Read More | Philadlozi Mfekayi – from busking in the streets to working on a new album

“You fail today, you wake up tomorrow, and you try again until you get it right. I was not about to give up at all. And I had always believed it was going to happen. You know, it might not be now, but in the near future, it's going to happen.”

The pair is still working on the album in the background.

In the meantime, he still busks in the streets to fulfill himself.

“It will always be a part of me, even when I'm a Grammy winning artist. I also go back to small places where there are people who know who I really am and just connect with them with my music. Street busking will always be a part of me. I don't think I'll ever leave it because that's where I see people getting life from what I say, what I sing gives me life.”

Now that he is a signed songwriter and singer, he doesn’t do it for the money but to give back to the people who live on the streets as he was once one of them.

“When I go to the street, I give back half of what I make, I give it back to the people that are on the street especially in Randburg. There are blind people there next to where I play so when, when I'm done, whatever I made, I give them half of what I made.”

Being a simplistic homebody, he adds that he doesn’t need a lot of money to survive, and his music sales are enough to keep him afloat.

Read More | How singing gave Khokho Madlala a voice, long before she could speak

With his recent single titled Impilo, the 24-year-old musician says he dissected societal issues.

“It’s just inspired by things that happen in the society. Most women right now don't date you because they love you. They date you because of what you can provide for them. So most relationships are about women right now and what they want and what they desire.

“If you can't buy them an expensive iPhone. If you can't buy them a weave, if you can't take them to expensive dates, if you can’t fund a girl's getaway trips, she doesn't want you. They don't care how much you make, can you afford to fund that lifestyle,” he adds.

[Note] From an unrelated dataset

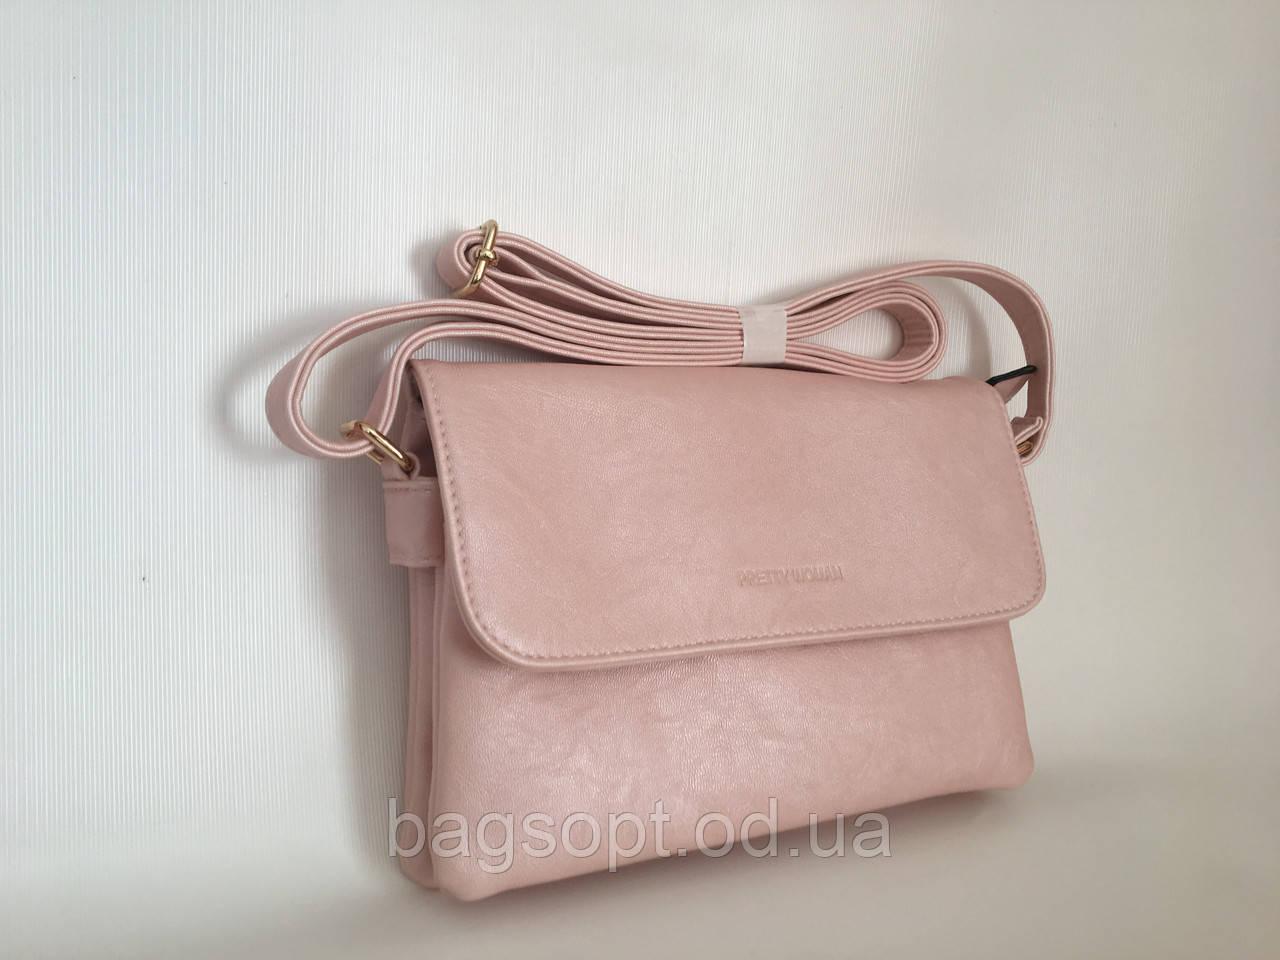 Летняя розовая маленькая сумка клатч через плечо Pretty Woman Одесса 7 км

Acknowledging that women do like nice things; he also says that the essence of love in this generation has changed.

When he writes his songs, he draws inspiration from the experiences of those around him more than he does from his own.

“I don't write songs. I don't know how to write a song. I've never written a song in my life. All the songs that I have done, it's songs that come to me randomly. It's either I'm in the car driving somewhere, or I'm just sitting, and then I just doze off, and then it comes, you know. Or maybe I'm listening to a song and then it's going to just inspire me to think about something else that is most likely to be similar to what I was listening to that time.”